Over here on the World Cup most teams have just finished up a pre Worlds training camp. With a weekend off from World Cup racing a pre Worlds training camp provides an opportunity to fine tune fitness, refine some technique changes, and sharpen up before the big events.
For the US team we decided to spend the last 10 days in Davos Switzerland for our training camp making sure to take advantage of the perfect skiing conditions and high altitude to prepare for the championships in Falun. Even with just two weeks off from racing is a great chance to re-build with some easy distance skiing, which can actually provide a big boost in fitness and the kind of break the body needs after months of racing. This is something that almost all top level skiers do leading up to big events, trying to come up with the best combination of training and rest and hoping to find that magical feeling known as ‘peaking’.
Knowing what to do in order to have the best possible peak is really individual for the athlete. For me I have spent the last two weeks in Davos practicing some easy distance training but with a bigger focus on intensity and speed. During my 10 day block I was able to fit in 3 separate interval sessions with some L4 and also got to jump into a sprint time trial with the Swiss and Russian skiers providing a great opportunity to do some hammering. Since my main focus for World Championships will be on the Sprint I thought this was the best combination for success.
For both sprinters and distance skiers we all basically stick to the same simple formula of stress and recover, or for all the physiology geeks out there super-compensation. A skier can’t really have a true peak without super-compensation followed by the most fun of all Taper Time!
Sounds a lot like an MC Hammer song but at the same time it’s a very important part of the magical peaking formula. Usually anywhere from 10-14 days before our first event at World Championships we will start to taper. A standard taper consists of dropping the total hours of training at least 40% , which for an elite athlete can feel like a lot and the difference between a 15 hour week and a 7 hour week is designed to make you feel rested and snappy.

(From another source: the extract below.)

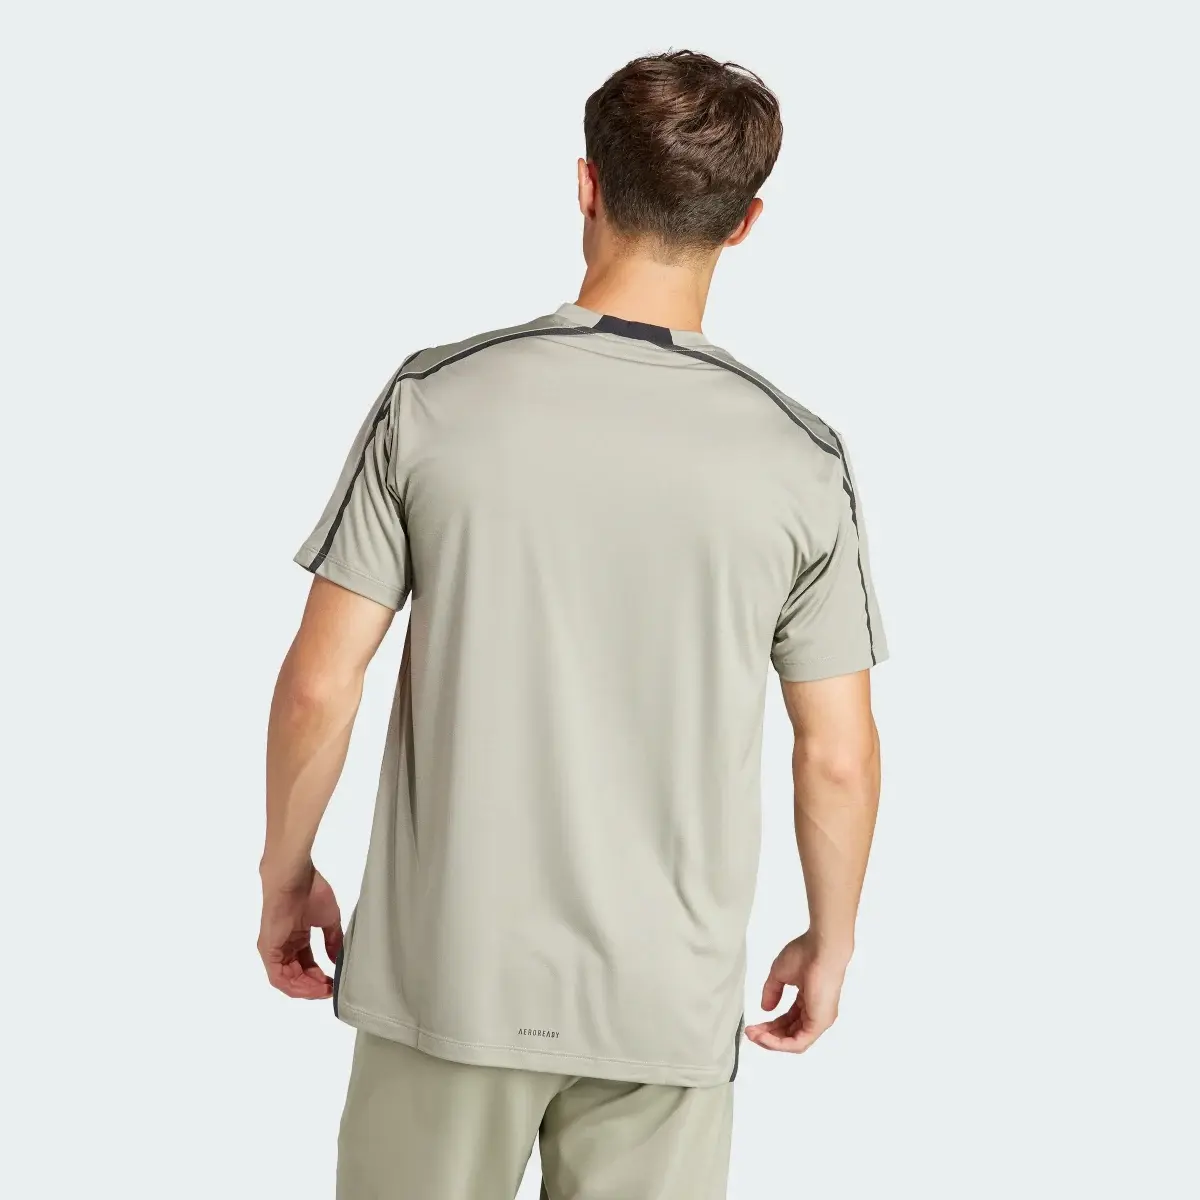 Adidas Camiseta Designed for Training Adistrong Workout. 3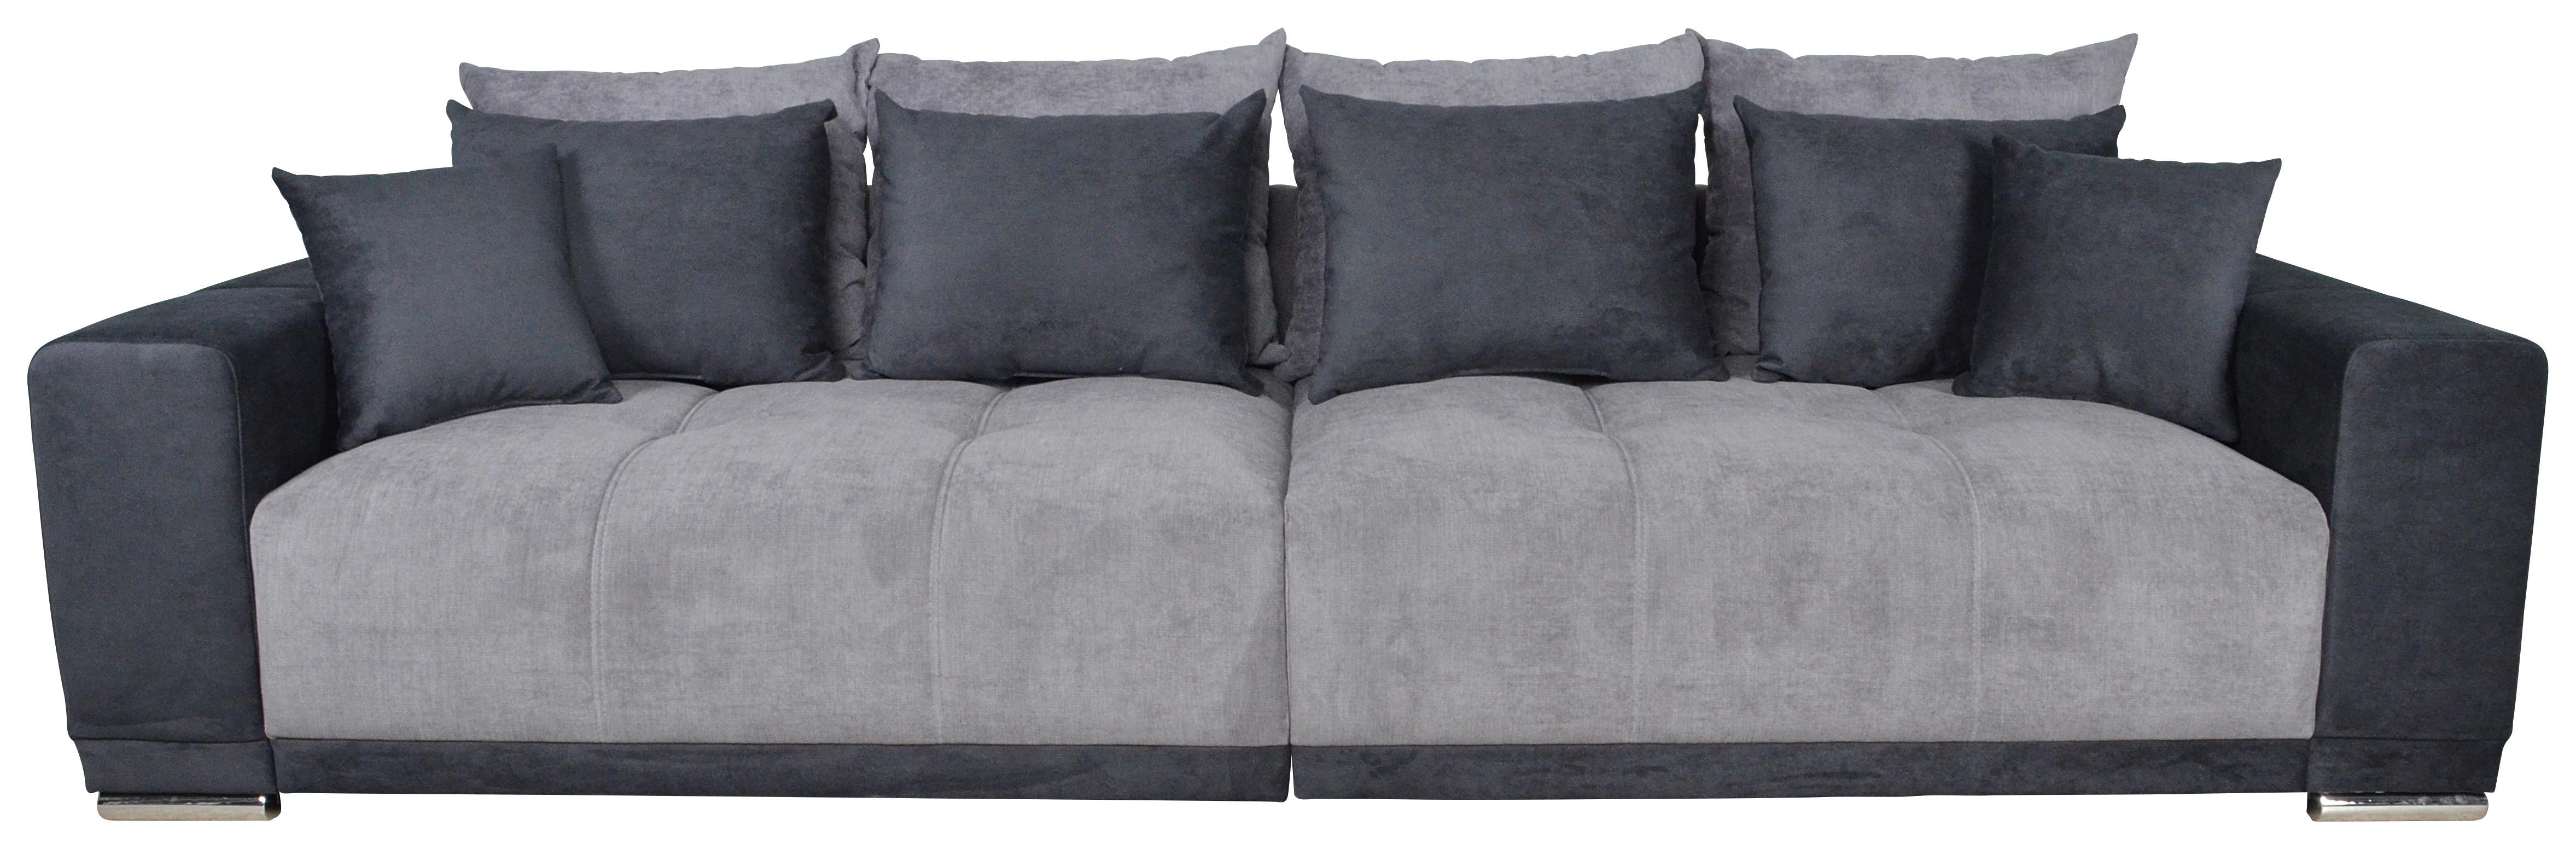 Big Sofa Xantia grau B/T: ca. 318x120 cm Xantia - Chrom/grau (318,00/120,00cm)

The trick to a good taper is dropping the volume without decreasing the number of workouts or the number of intensity sessions per week. So if I’m used to doing 8 sessions, two strengths, and 2 sets of intervals each week I continue on that program but cut the total duration of those workouts way down so they have a much lighter impact on the body. It makes for a lot of short fun workouts.
The US team and I just arrived in Sweden yesterday and as we prepare for this weeks World Cups and the start of the big championships next week it will be a serious taper time for everyone. For our first workout since arriving in Sweden most of the team went out for a quick 1-hour ski this morning with some speeds. Leading up to the races this weekend and into Falun we will mostly work on fast L4 or all out intervals to adjust to the sea level speed and get the body adjusted to moving fast.
Taper Time is a pretty exciting time for an athlete not just because we get to train less but mostly because of the way it makes you feel. A lot of the time you feel better and better each day and are even energized by your workouts. When you combine that with the excitement of World Championship racing right around the corner we all get a sense of being strong, fit, and untouchable. Isn’t that right MC… ‘can’t touch this!’